Y despuntando de ese inmenso sudario de tinieblas, siempre había habido un brote de luz, pero ya se había ido. Me fui de la universidad esa noche sintiéndome melancólico. Tenían un montón de libros apilados sobre un escritorio y los miraban con orgullo y decían: “¿Retórica? Hemos cambiado eso. Tenemos tantos estudiantes (unidades como las de 100 cms. cúbicos de agua) por clase y tantas clases por cada profesor y...”. Pelotón a la derecha, columna a la izquierda y al diablo con el asunto, tenemos demasiada gente que educar.

      La definición que usted tenía de los profesores permanecerá siempre en mi mente, como algo hermoso y casi tan raro de encontrar como el radio. Es necesario ser un genio para enseñar. Usted es ese genio. De su clase de retórica, que era tan concurrida, han salido hombres con quienes me encontré después, hombres que piensan. No importa que aquellas cosas cayeran en un inmenso terreno estéril. Eso era inevitable y nunca se podrá evitar. Hay muchos de nosotros, que deambulamos buscando por el mundo, quienes le recordamos y veneramos. Les he oído decirlo.

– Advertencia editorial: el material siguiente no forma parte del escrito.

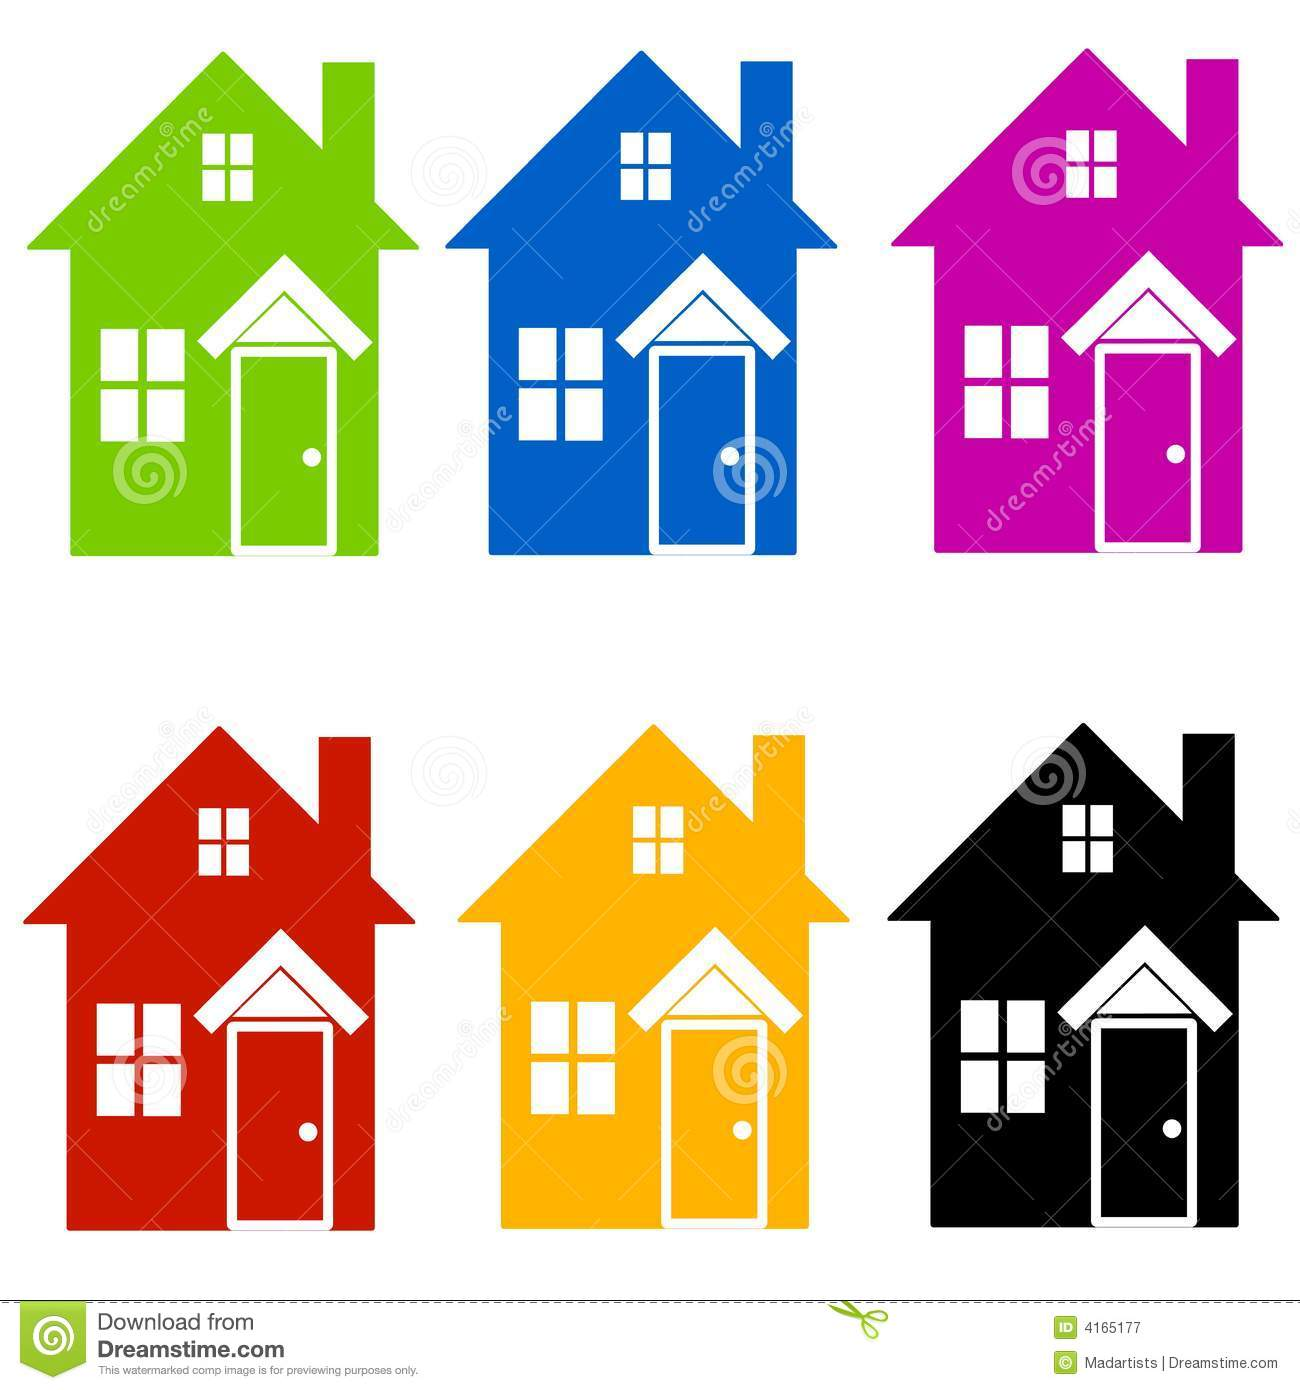 House color clipart.

      No permita que esto le trastorne de ningún modo. Atribúyalo a que soy un rebelde, un inconformista, lo que sea. Uno de estos días voy a escribir esto en un libro, y su texto de retórica, muy estropeado a estas alturas, estará abierto junto a mí sobre el escritorio, cuando lo escriba.

      A los veinticinco años puede que sea peligroso tener semejantes pensamientos, tal vez fuera preferible dejar estos asuntos para mentes más reglamentadas que la mía.

      De todos modos y por lo que sea... Esta carta tenía que ser dirigida a usted esta mañana, confiando que usted estuviese bien y diciéndole que usted me ayudó de muchas maneras... y aquí está, una especie de ensayo rabioso sobre la educación, y estoy seguro de que usted ya tuvo de sobra respecto a este tema.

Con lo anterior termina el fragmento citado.